### Action item
The data should be written out in full, exactly as it stands, and the pictures dropped.

### Available data
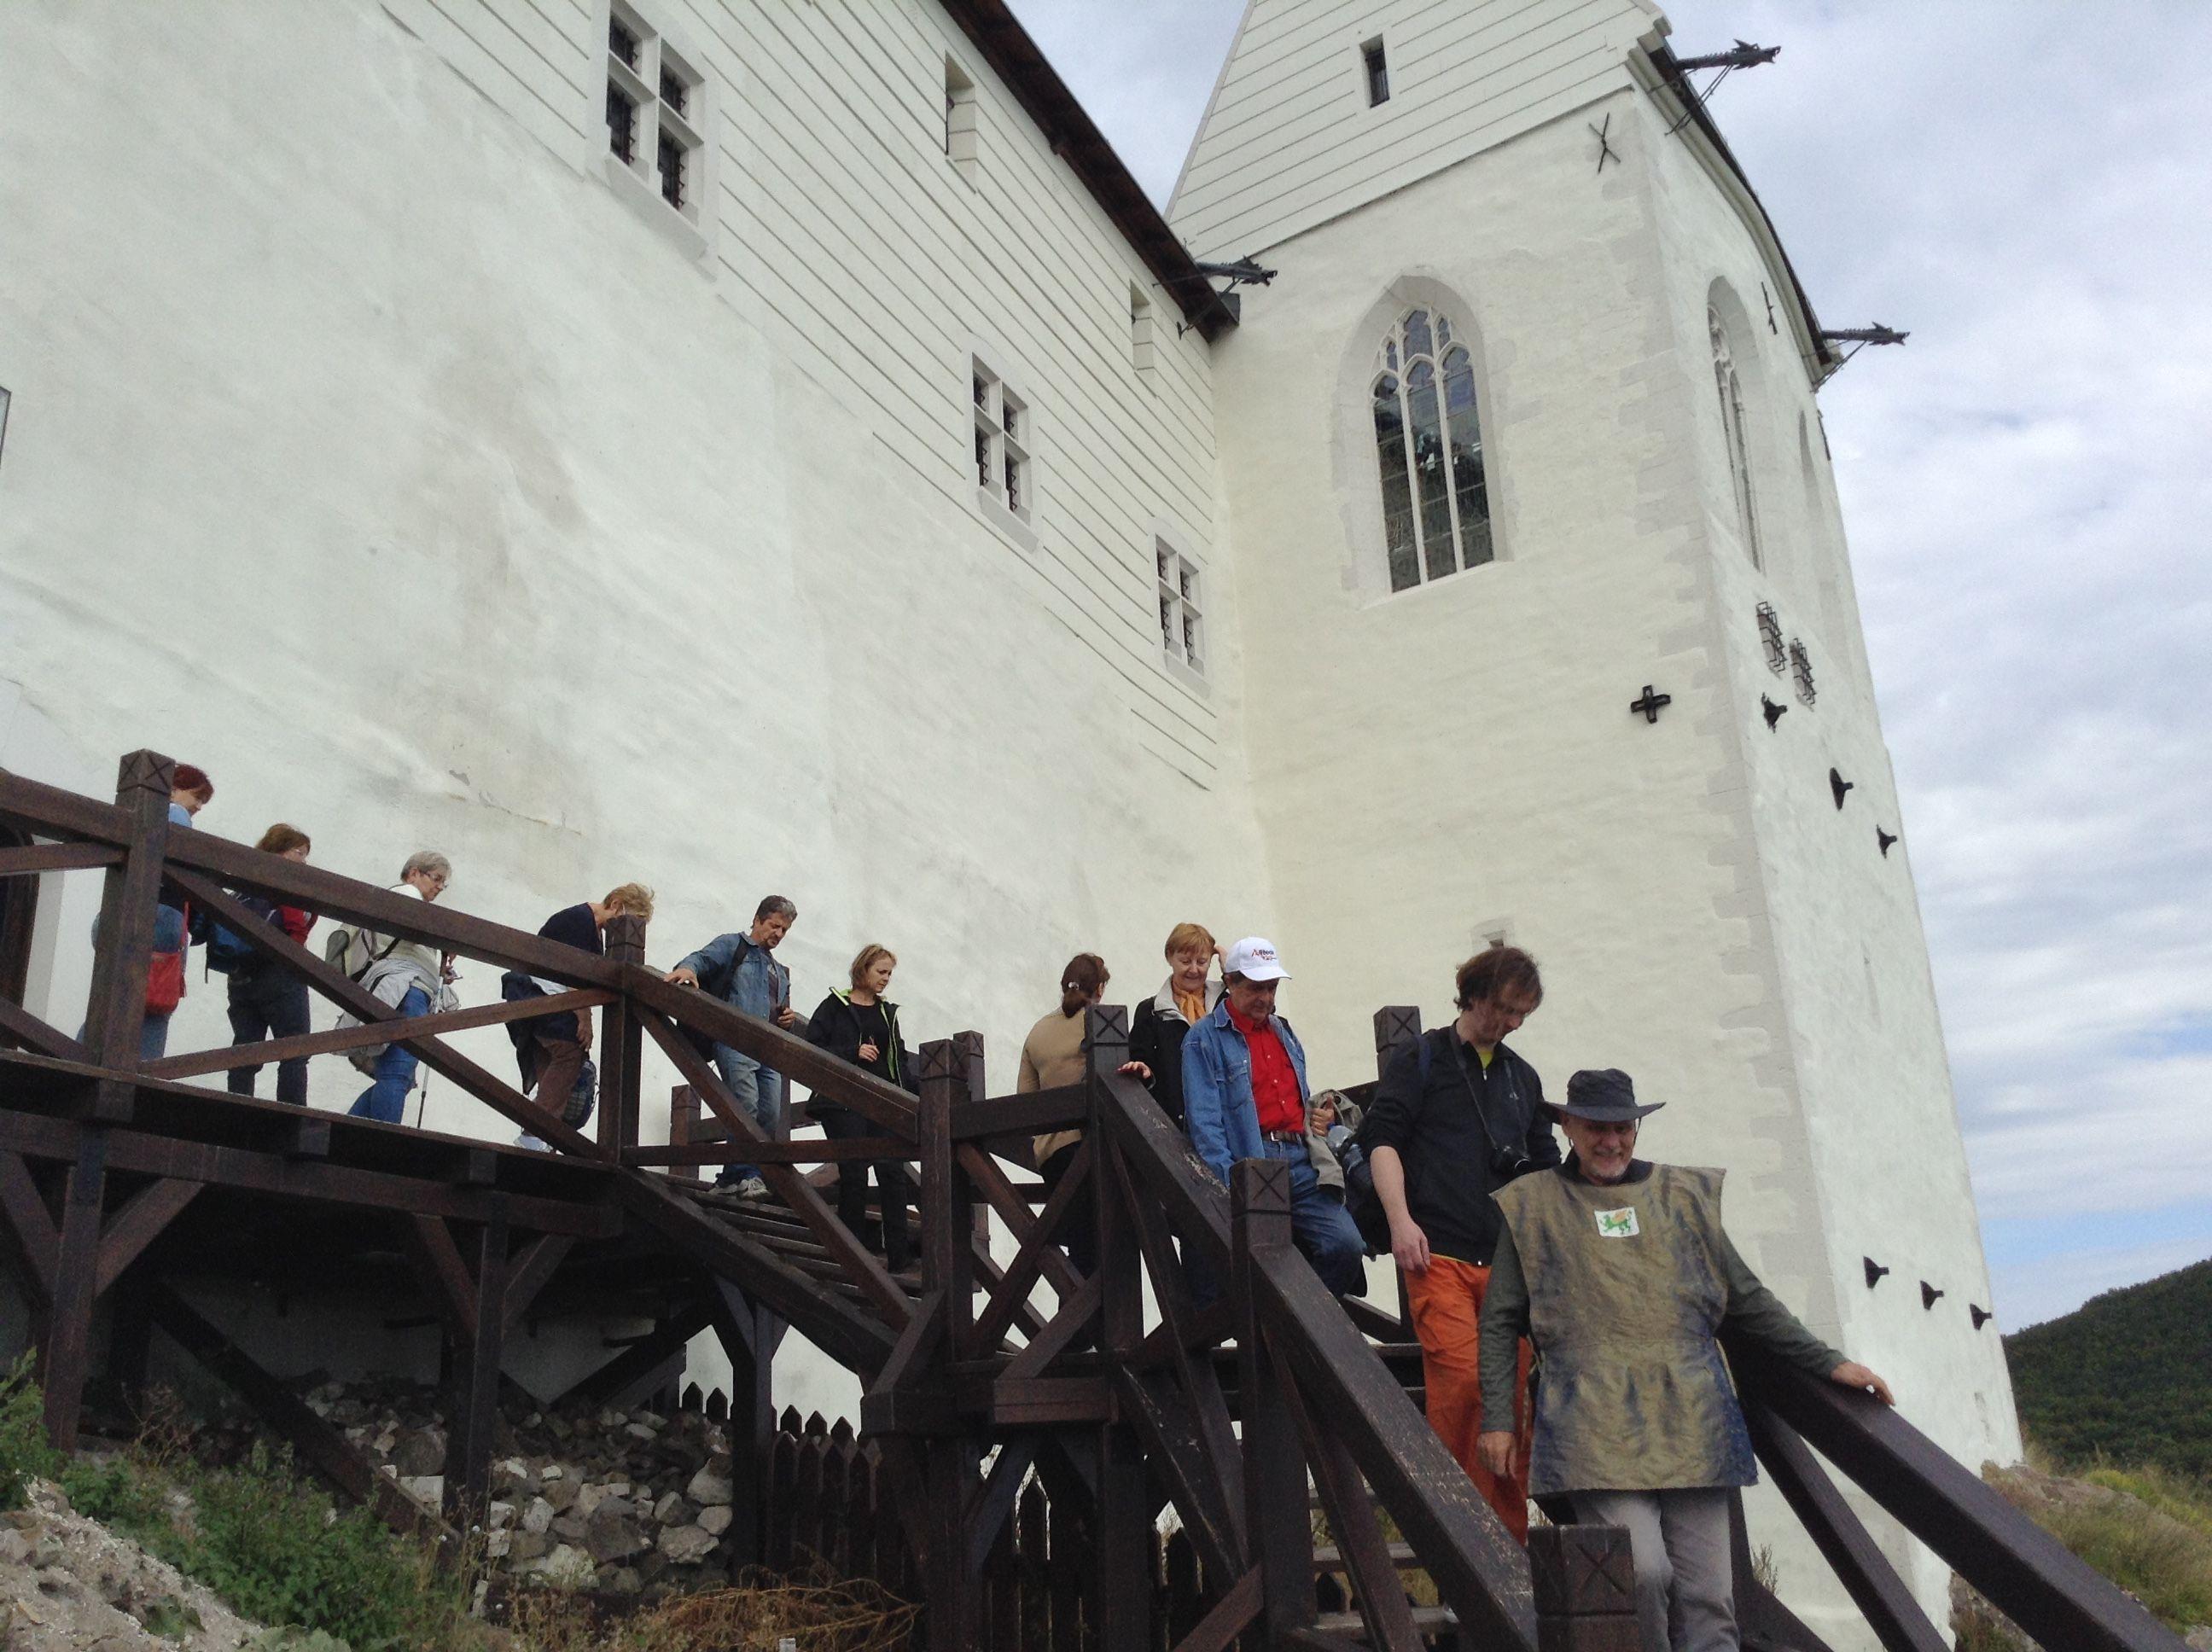 #fuzer #hungary #ecotours #tarnai #guide #tourist #castle #travel
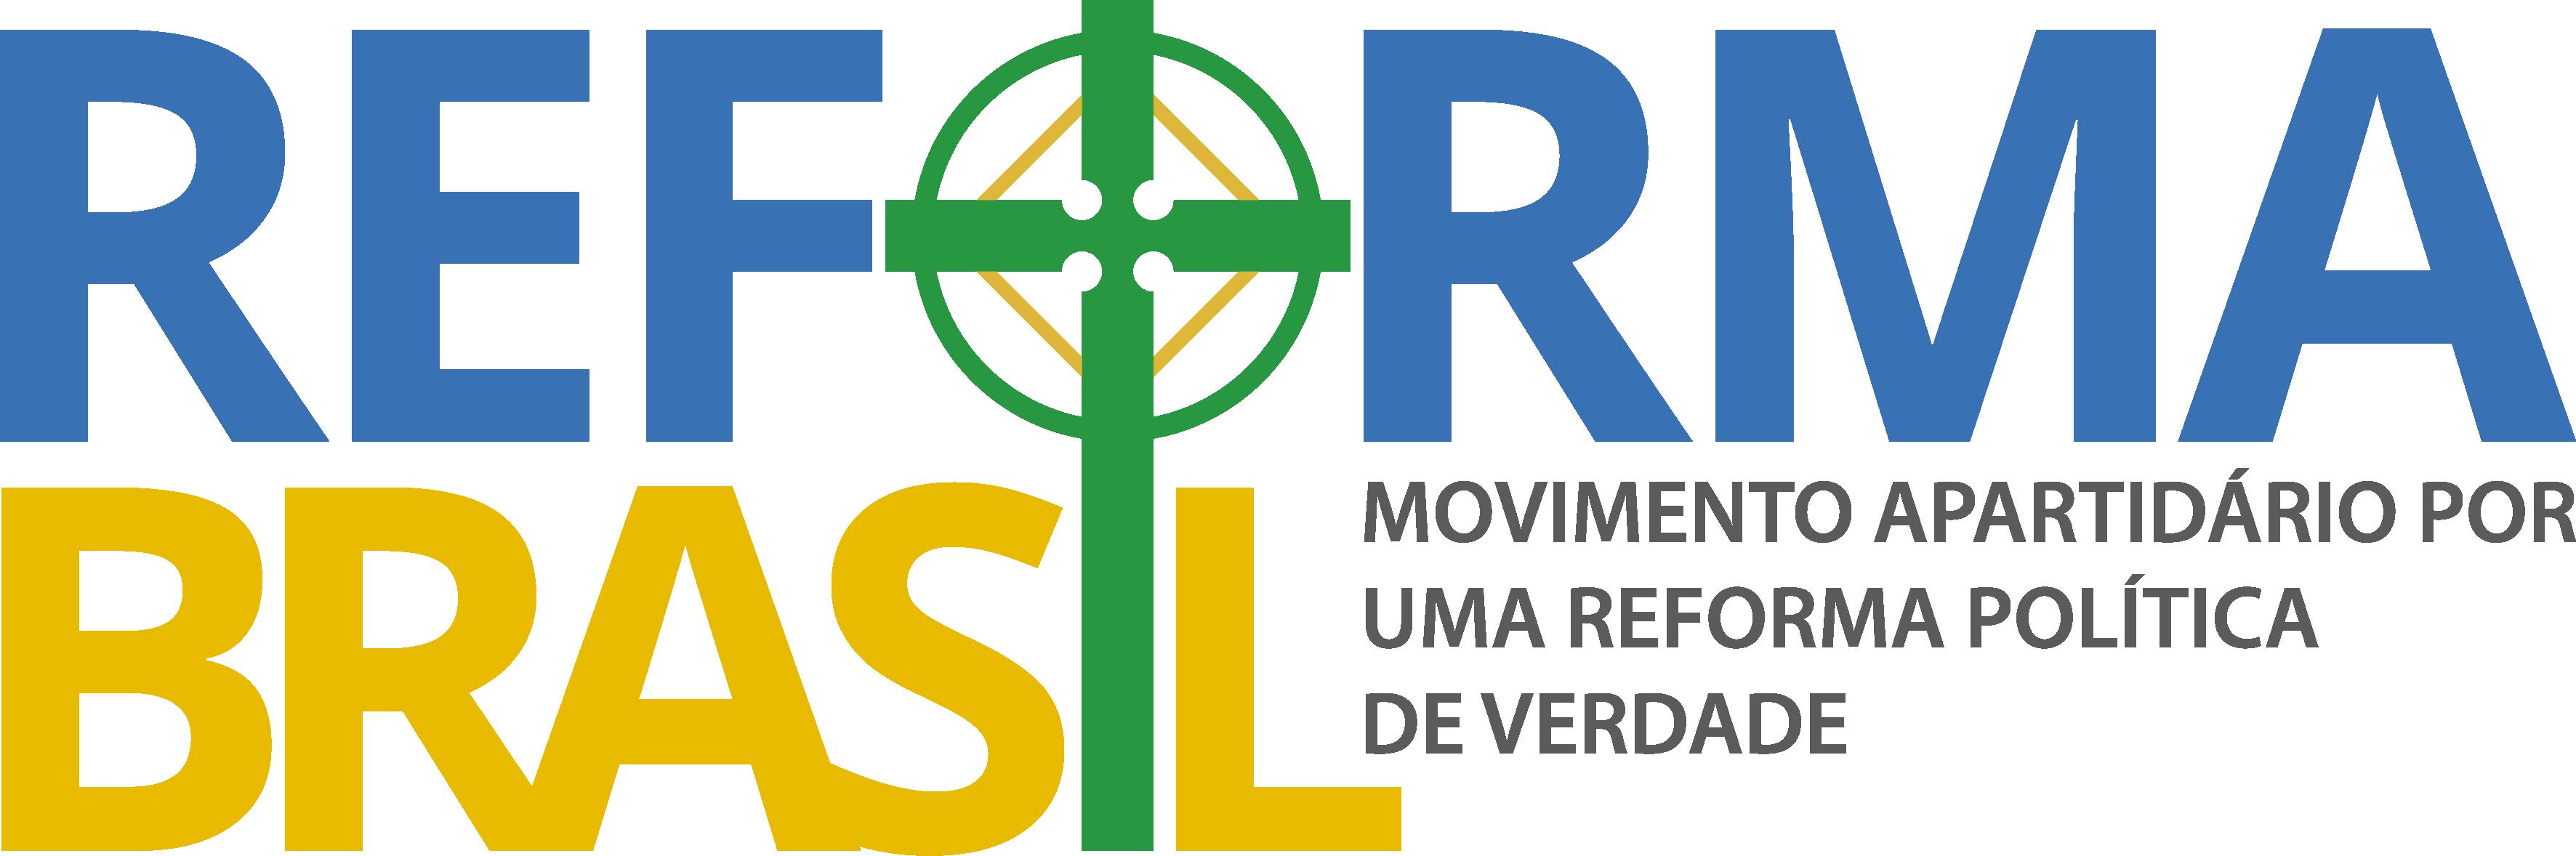 Reforma Brasil
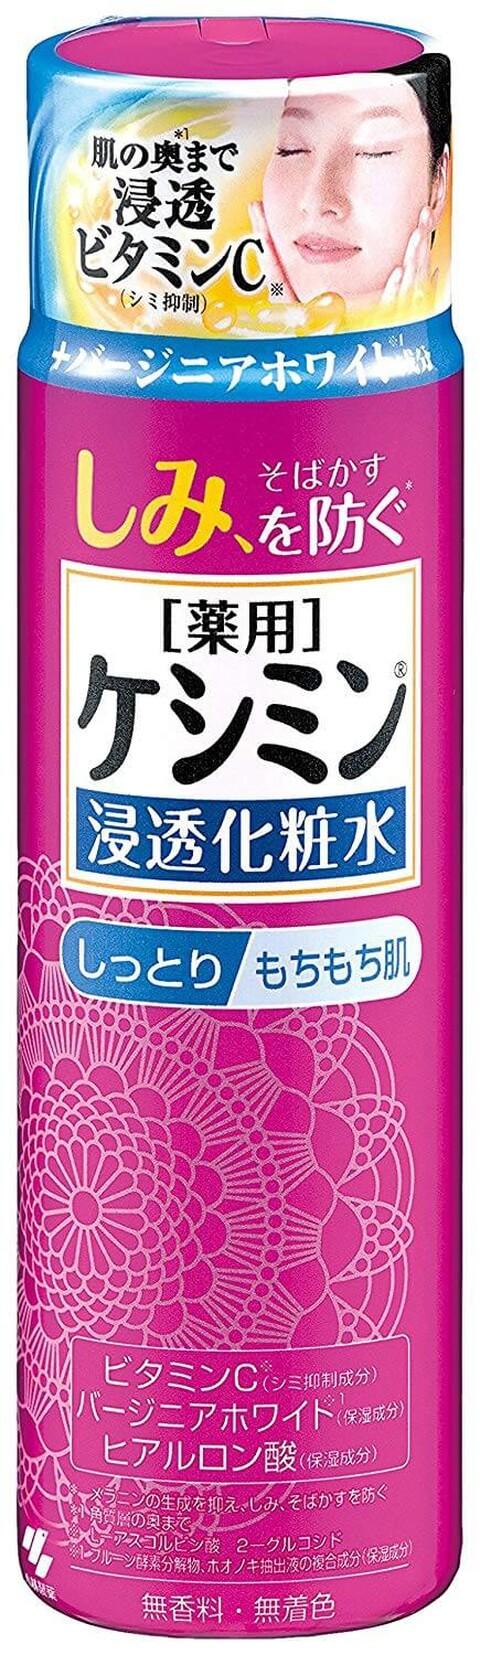 ケシミン浸透化粧水 アマゾン

### Task answer
 #fuzer #hungary #ecotours #tarnai #guide #tourist #castle #travel
 Reforma Brasil
 ケシミン浸透化粧水 アマゾン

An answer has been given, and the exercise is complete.